(DATASET SECTION Opens)

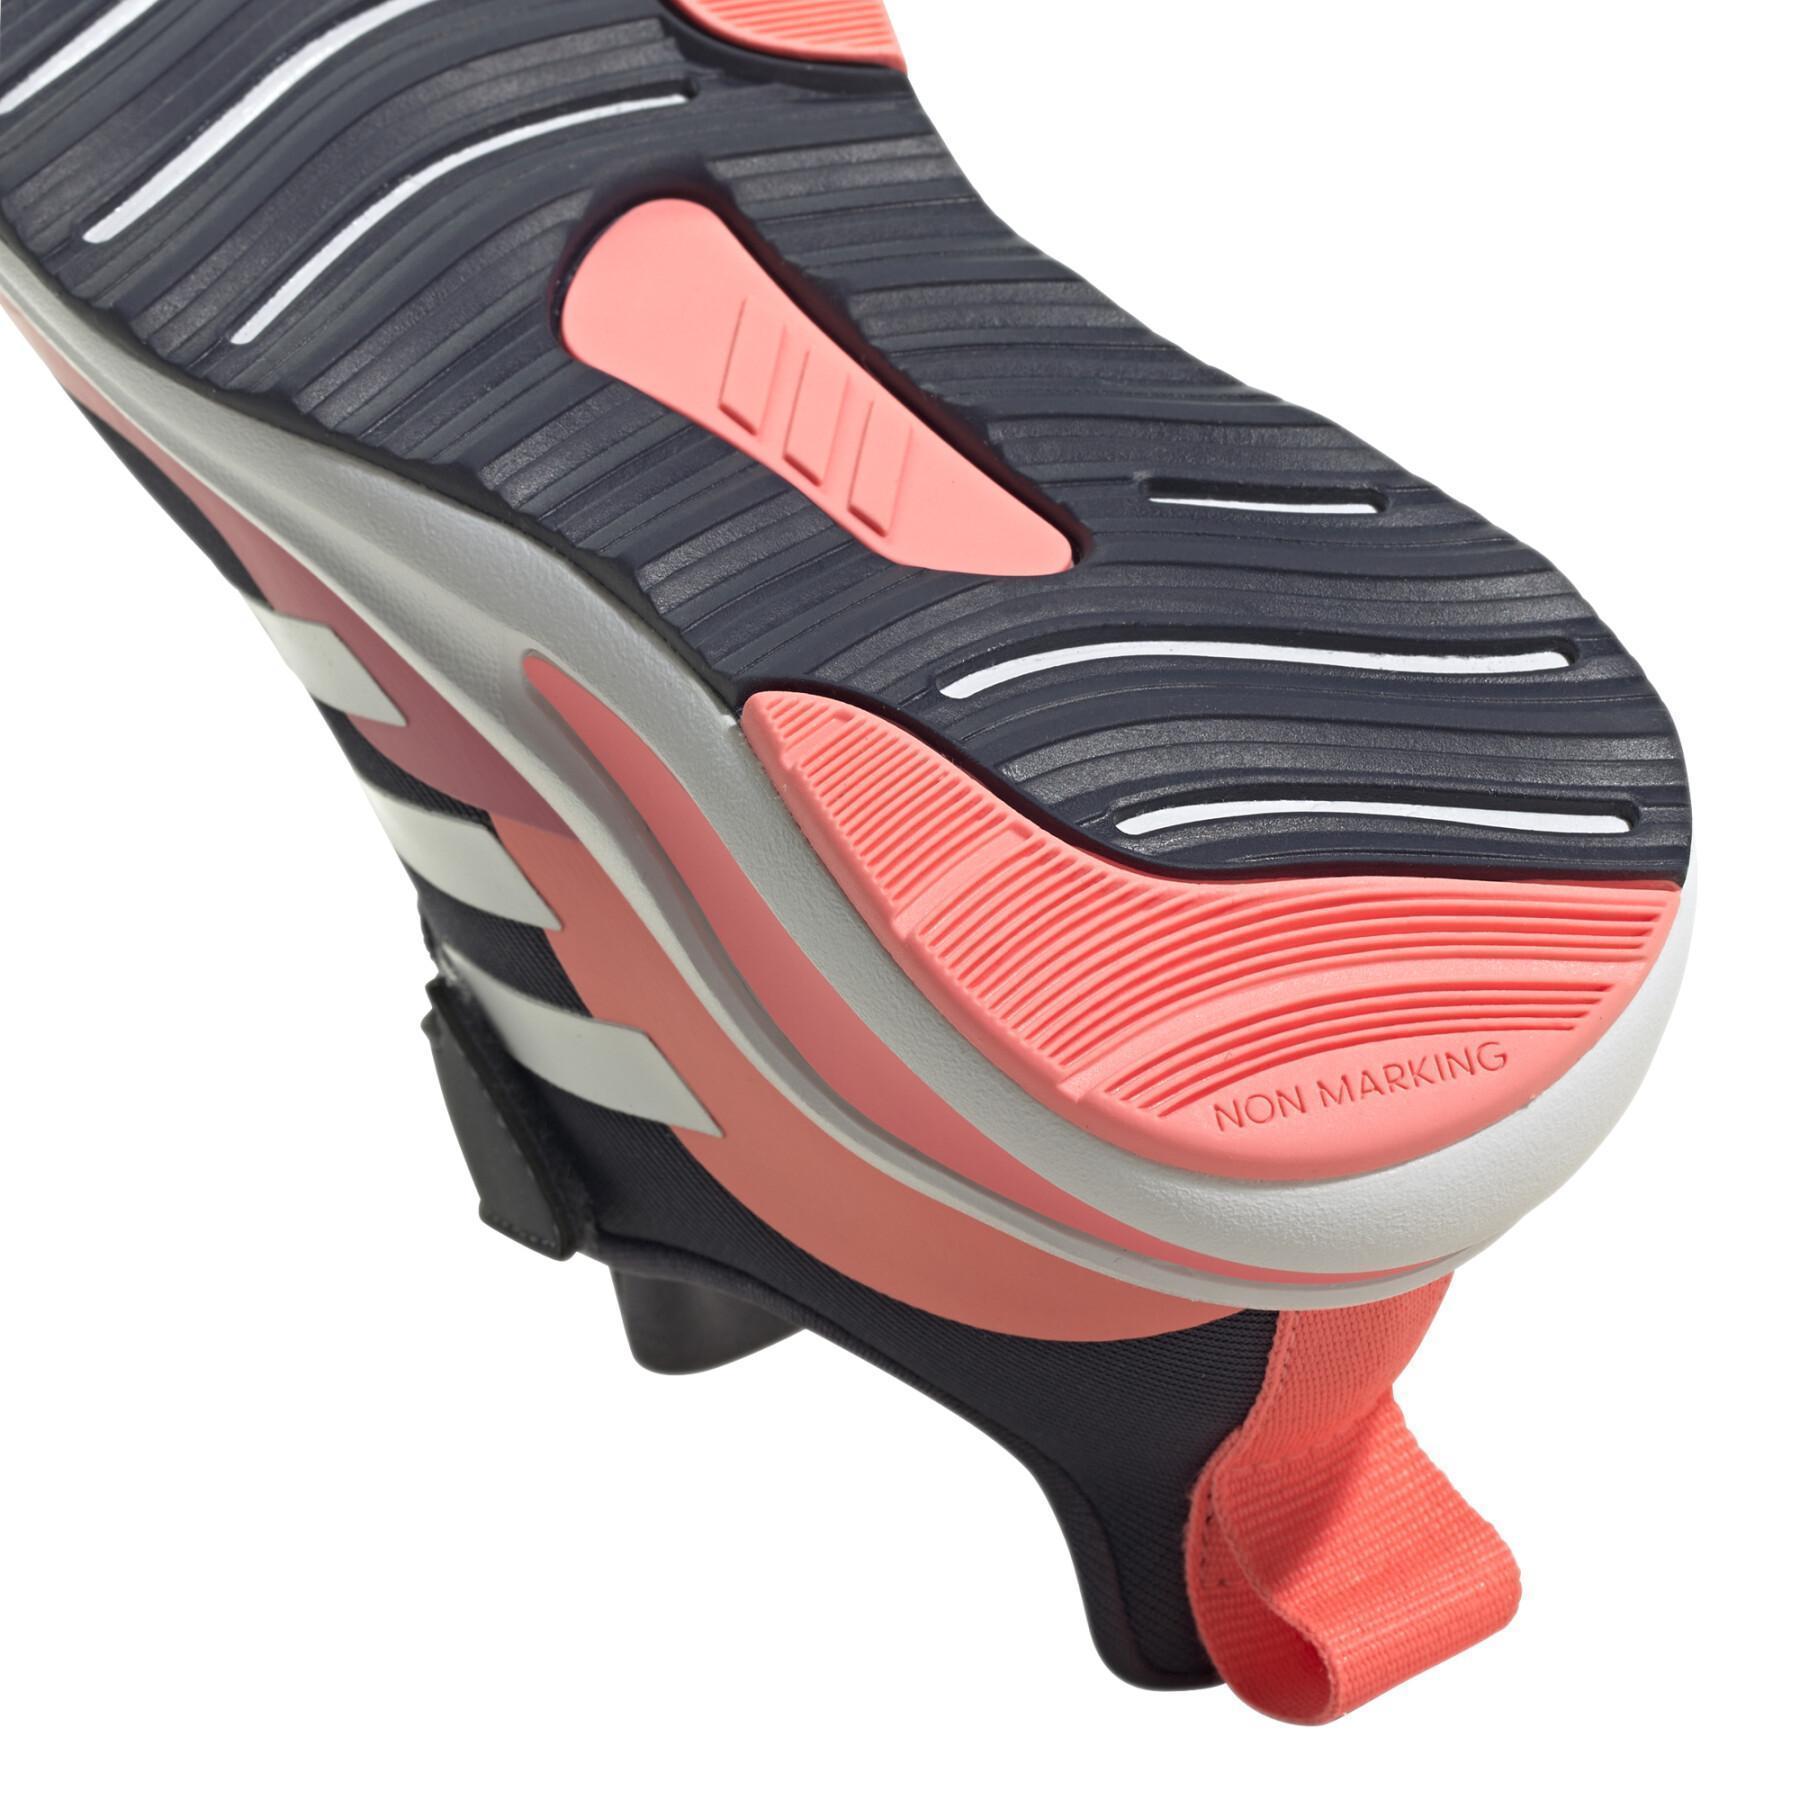 Chaussures de running enfant adidas Fortarun Elastic Lace Top Strap
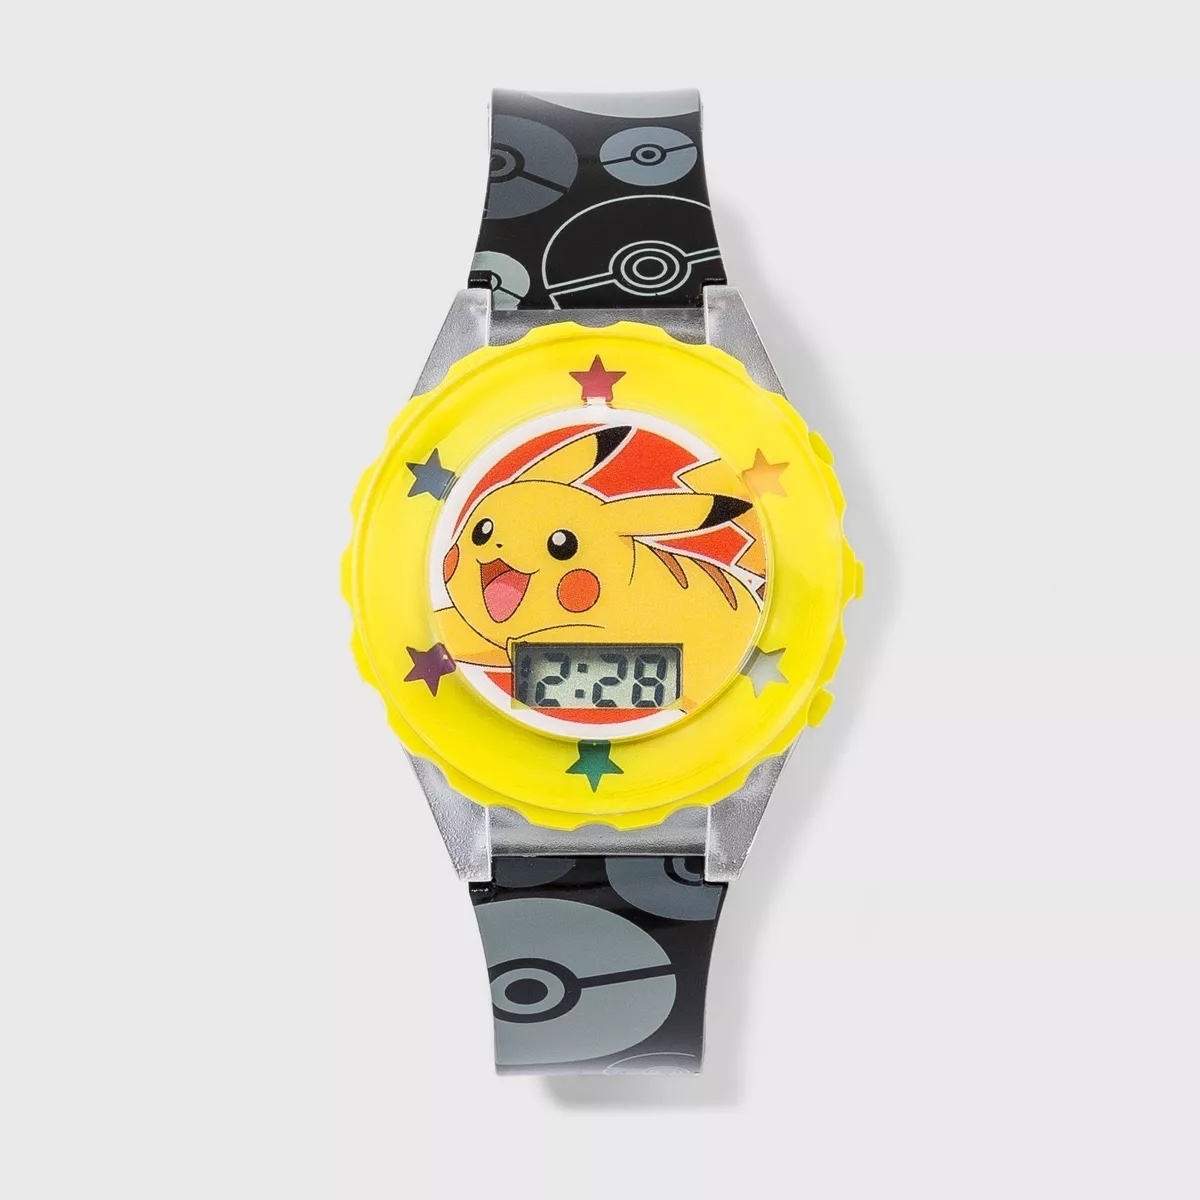 the yellow pokemon watch
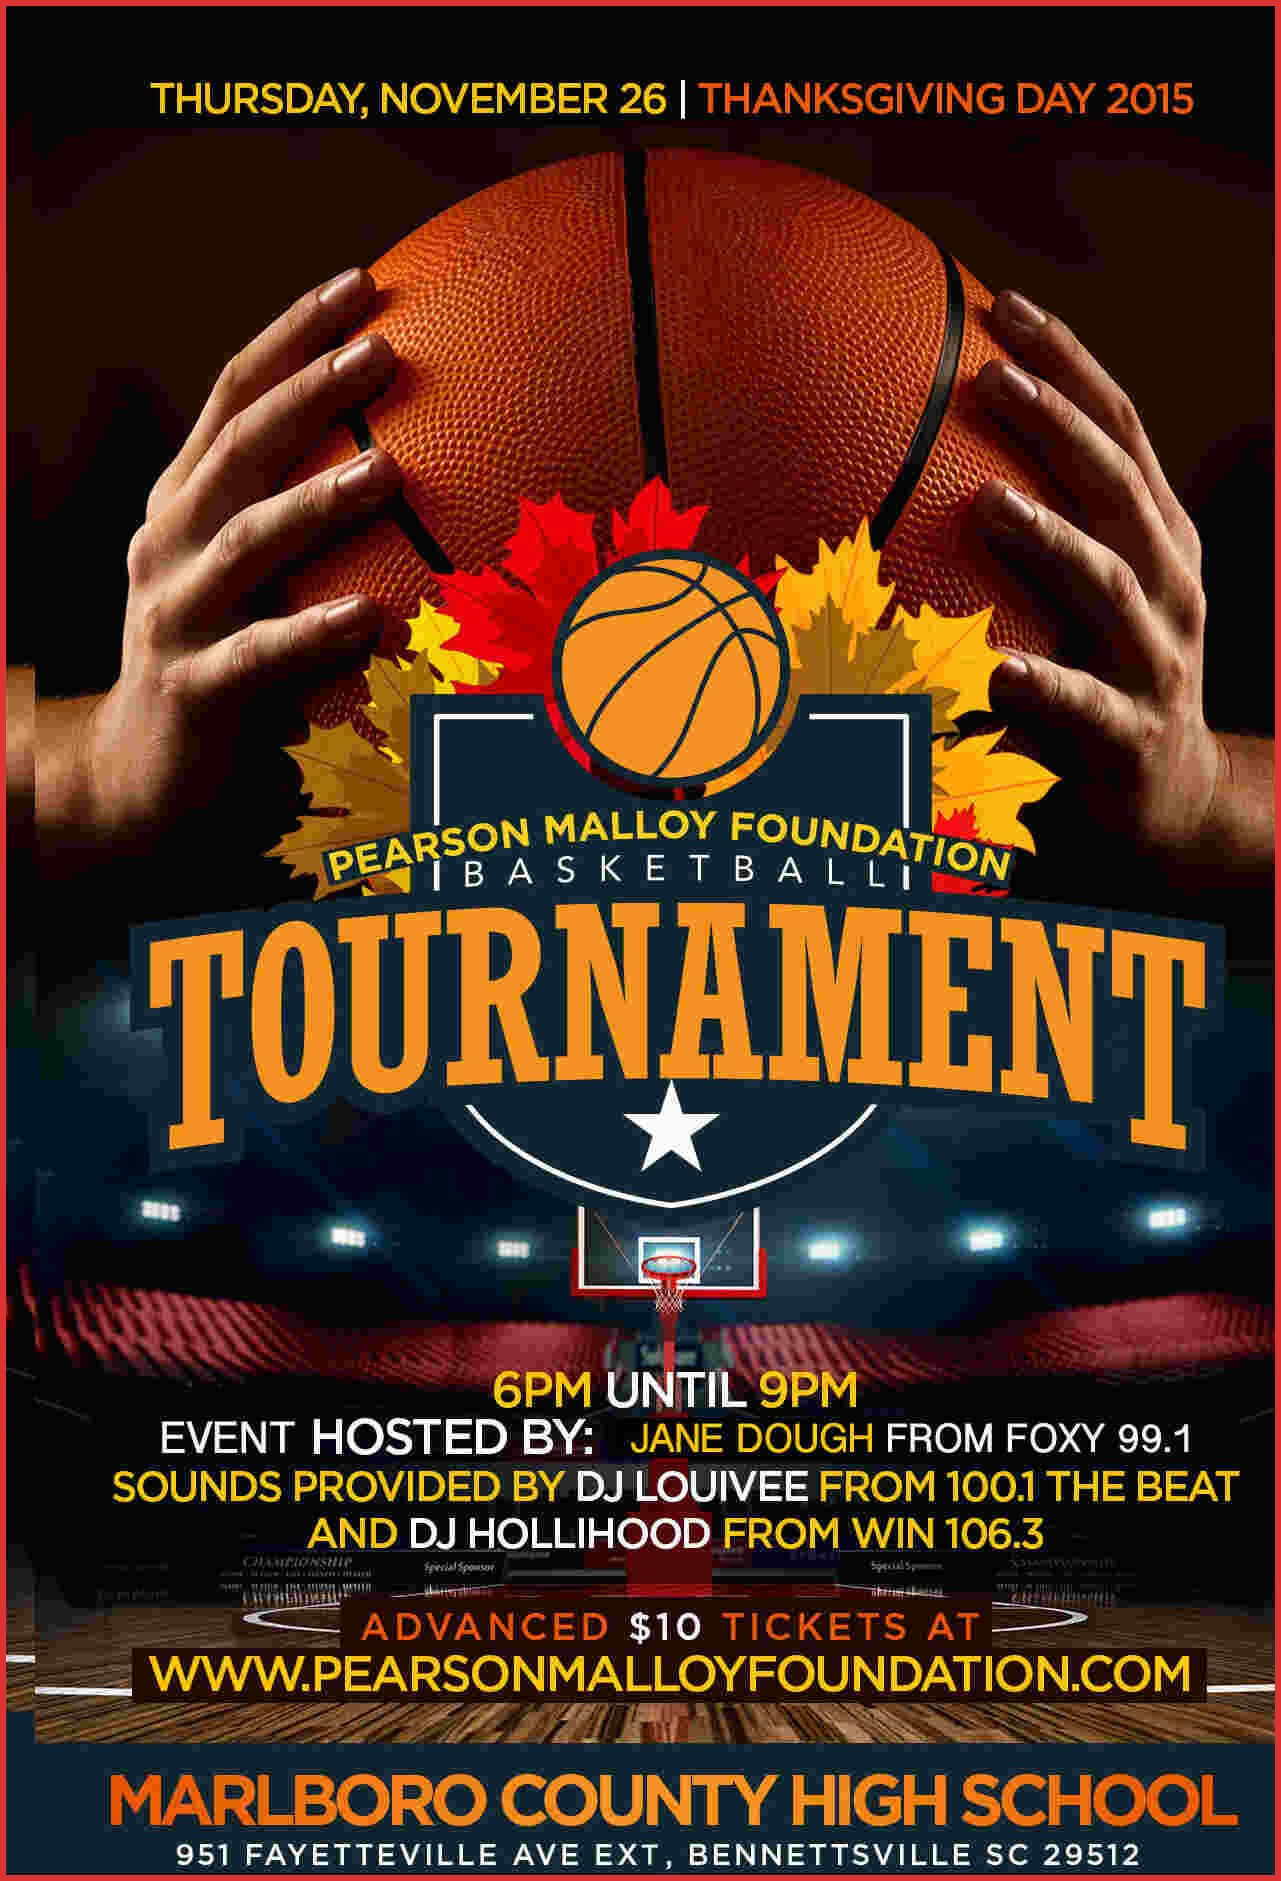 003 Template Ideas On Basketball Tournament Flyer Best Of With Basketball Tournament Flyer Template

(DATASET SECTION Closes)

• _DIRECTIONS_
Return the listing unchanged, but drop every picture.

• _SOLUTION_
 Chaussures de running enfant adidas Fortarun Elastic Lace Top Strap
 the yellow pokemon watch
 003 Template Ideas On Basketball Tournament Flyer Best Of With Basketball Tournament Flyer Template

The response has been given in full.